Mysterious interventions from “over Yonder” occurred. I consider them grace notes. I was frequently reminded of Brenda’s words:

You know much brighter souls than I say that when we die we are not dead. I cannot help but believe that. It is a certitude. Death is unbearably tragic and grievous because it is a kind of farewell. But it is not forever. Those who are Yonder, in a queer way — I have discovered this myself — are more puissant (more powerful) than ever. They are more befriending, more strengthening, more helpful….

I certainly felt befriended, strengthened, and helped throughout those 11 weeks. In the end, our efforts to save Brenda’s house failed. The house was demolished on April 4, 2017. But something marvelous came out of these efforts. Many people deepened their connection with Brenda’s writings. And I realized that Brenda has an important message for our times.

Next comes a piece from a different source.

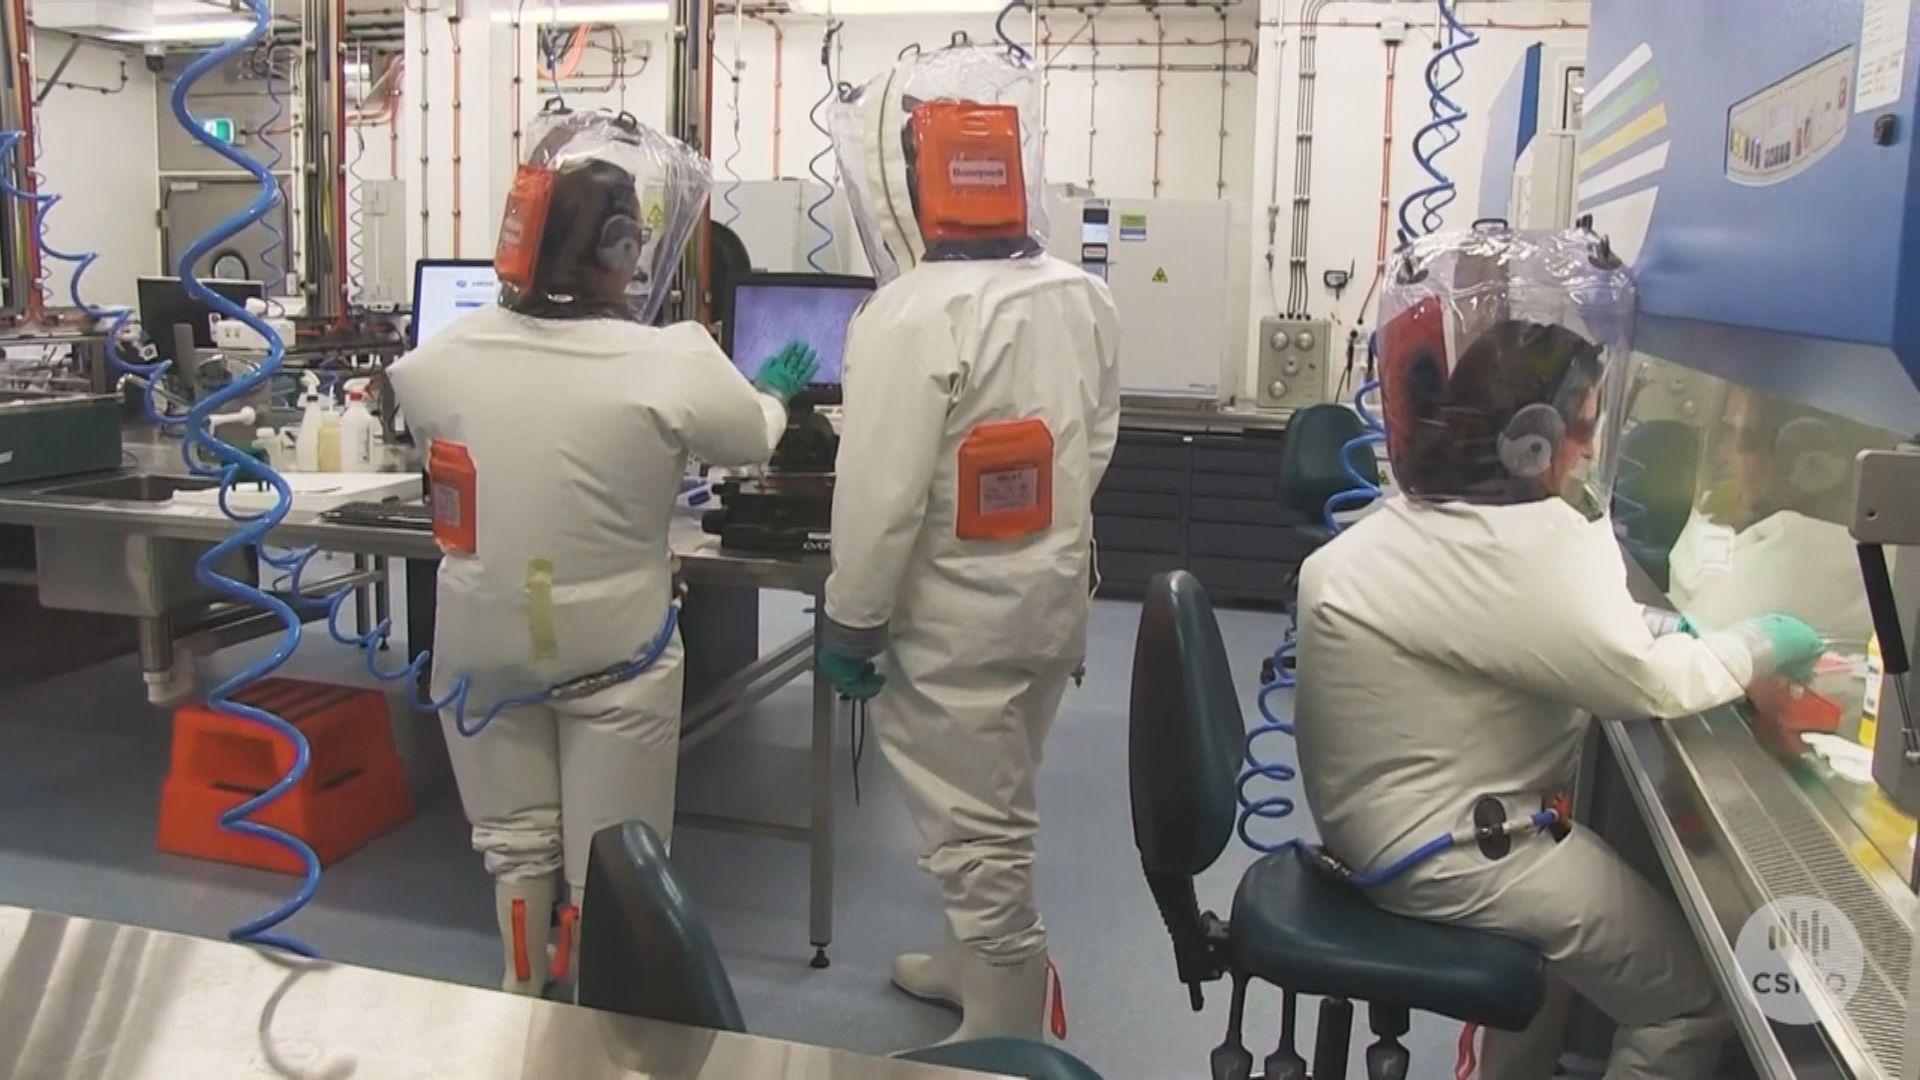 澳洲研究:新冠病毒可在平滑表面存活28天

Brenda did for me what elders can do for young people, in fact, what each of us, no matter what our age, can do for everyone around us, especially in “hopeless” times — she had a way of listening to me that always made me feel seen and heard. Even if she did most of the talking, which was usually the case, I always came away from my sessions with her feeling good about myself, and clearer about whatever issue was at hand.

So … the next time the world feels too much with you, the next time global climate chaos, or the breakdown of civil discourse, or Islamophobia, or the attack on civil liberties, or the rolling back of social and environmental protections — the next time these and other outrages push you into genuine despair, remember these words from Brenda:

“Listening is a magnetic and strange thing, a creative force … When we are listened to, it creates us, makes us unfold and expand …[a] creative fountain inside us begins to spring and cast up new thoughts and unexpected laughter and wisdom …. This little creative fountain is in all. It is the spirit, or the intelligence, or the imagination — whatever you want to call it …”

And these, “Be bold! Be grand! Be mighty! We need you! The world needs you!”

And these, “The point is not to live long — we live forever anyway. The point is while you are alive, be ALIVE.”  


Eric Utne is the founder of Utne Reader.